====== Supplied records ======

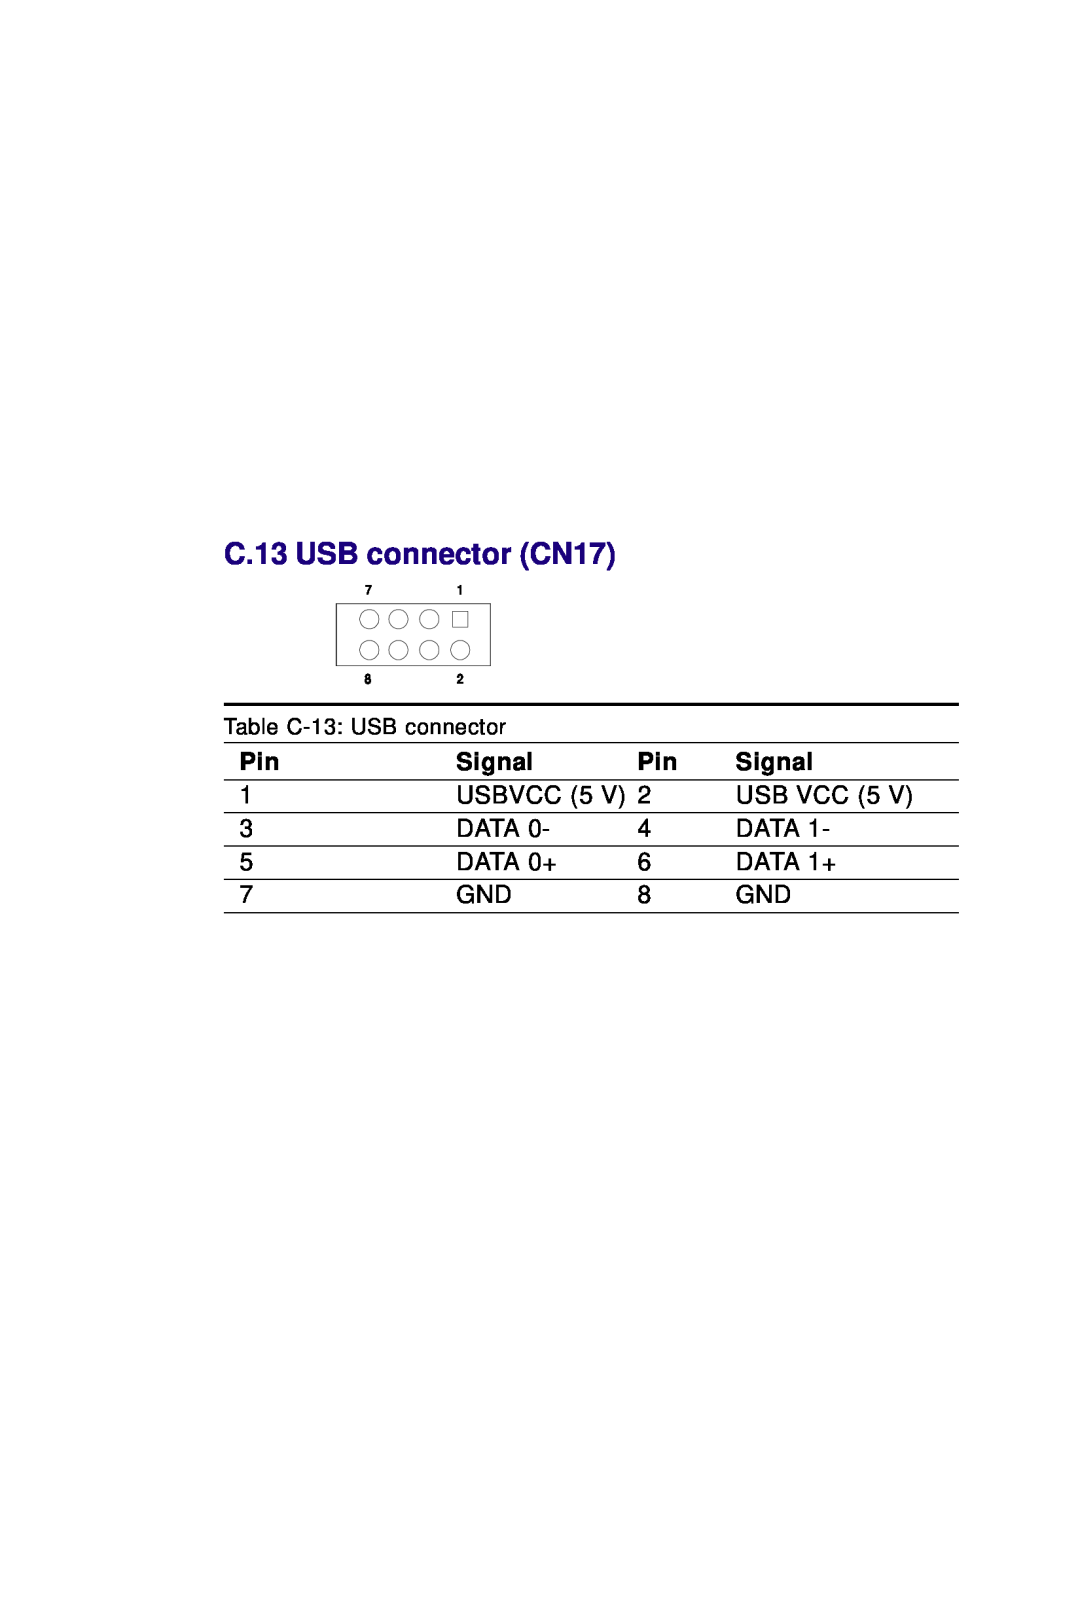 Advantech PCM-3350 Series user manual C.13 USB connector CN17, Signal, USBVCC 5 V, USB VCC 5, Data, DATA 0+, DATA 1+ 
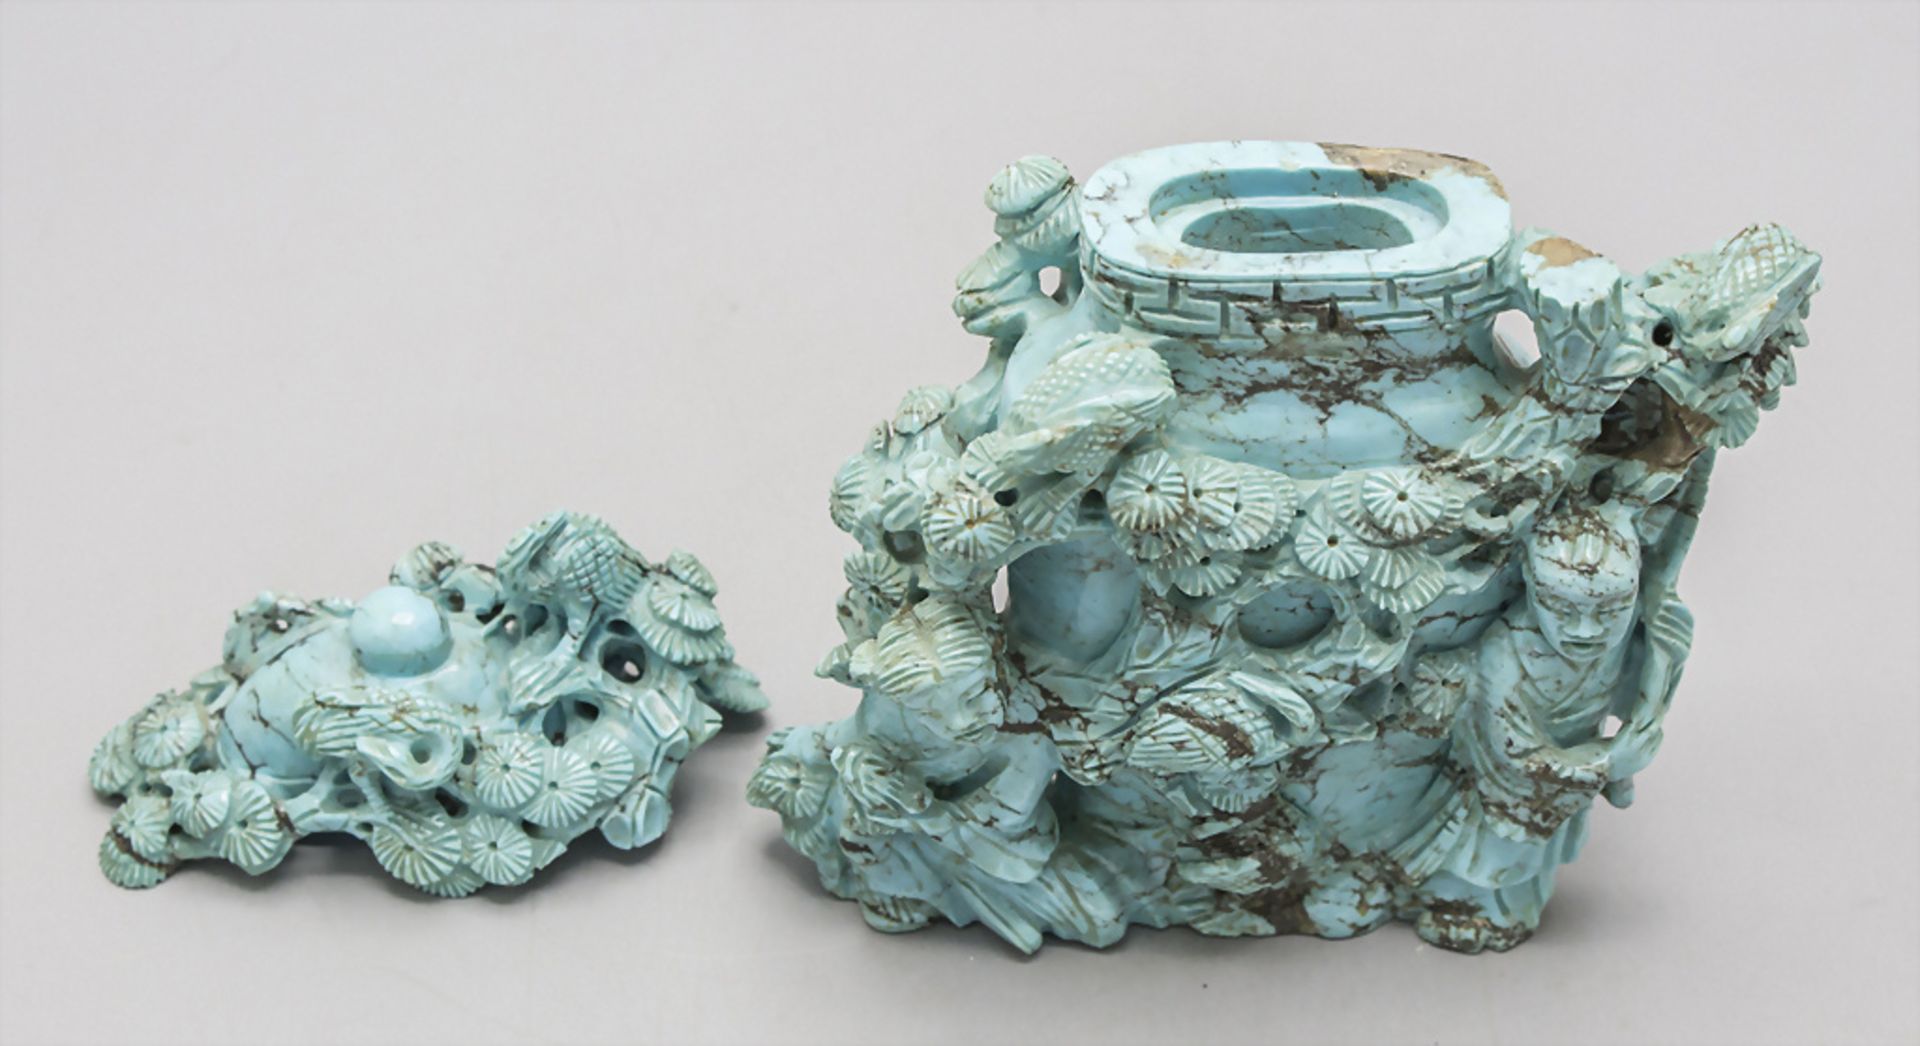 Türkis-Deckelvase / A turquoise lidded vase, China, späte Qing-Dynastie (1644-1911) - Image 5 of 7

======
====== Supplied records ======

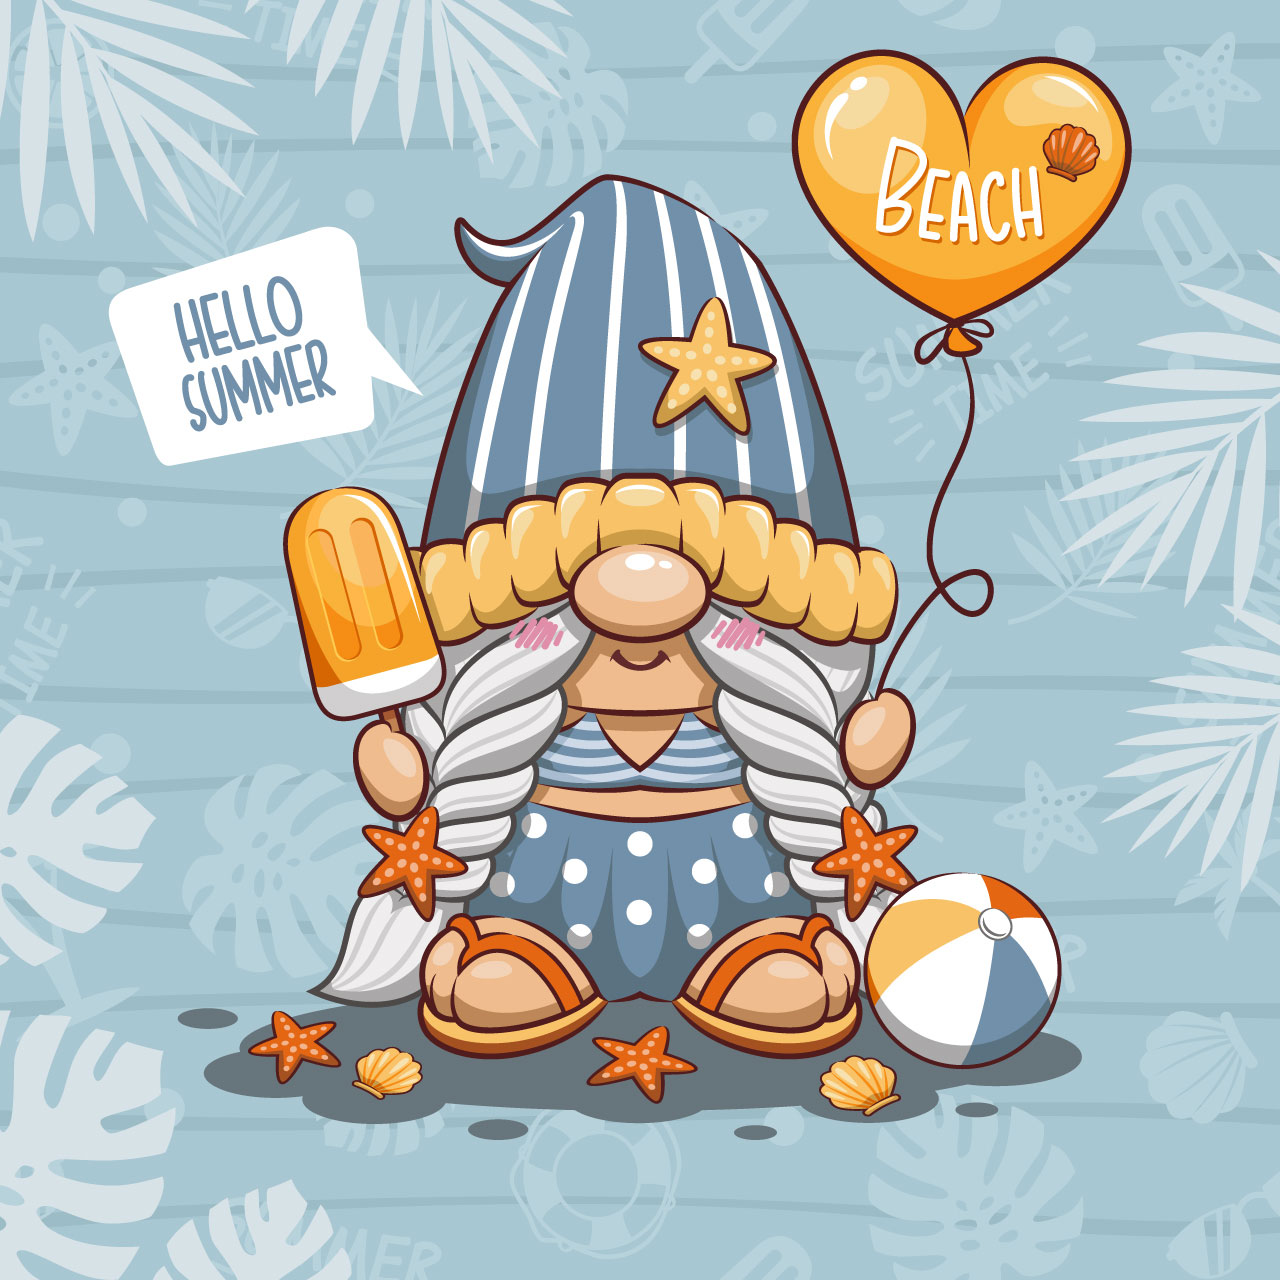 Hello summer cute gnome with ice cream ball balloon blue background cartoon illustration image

======
====== Supplied records ======

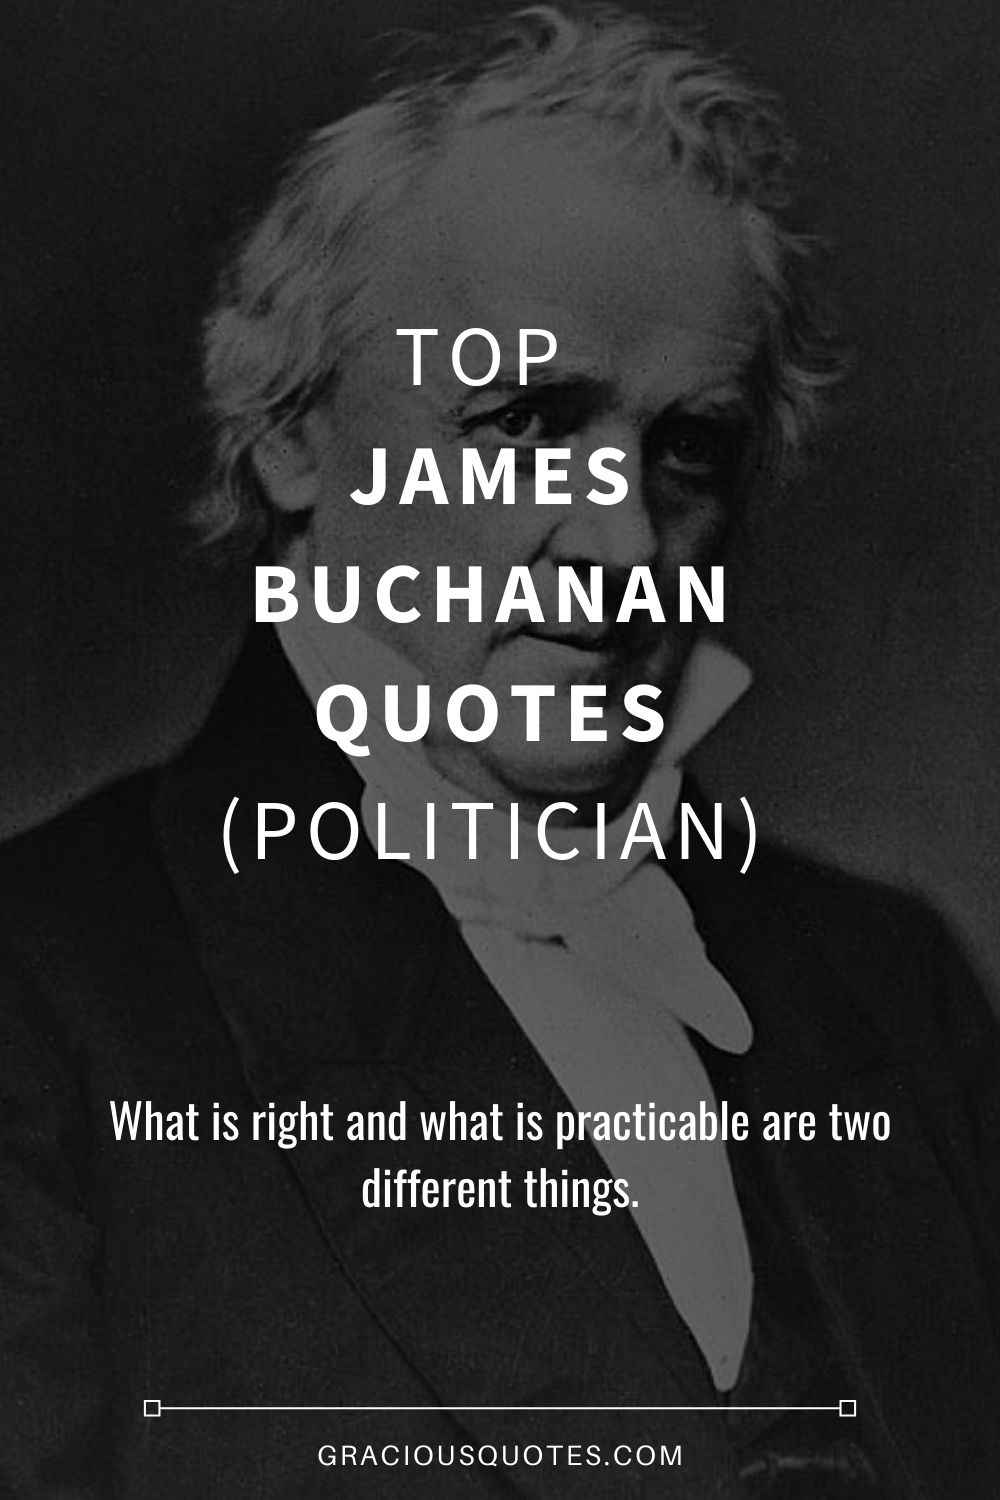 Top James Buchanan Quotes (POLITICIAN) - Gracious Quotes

======

### Exercise description:
Leaving out all pictures, set down exactly the lines of the material above, from the line with "Advantech PCM-3350 Series" to the line with "Türkis-Deckelvase / A" inclusive, and no others.

### Result:
 Advantech PCM-3350 Series user manual C.13 USB connector CN17, Signal, USBVCC 5 V, USB VCC 5, Data, DATA 0+, DATA 1+ 
 Türkis-Deckelvase / A turquoise lidded vase, China, späte Qing-Dynastie (1644-1911) - Image 5 of 7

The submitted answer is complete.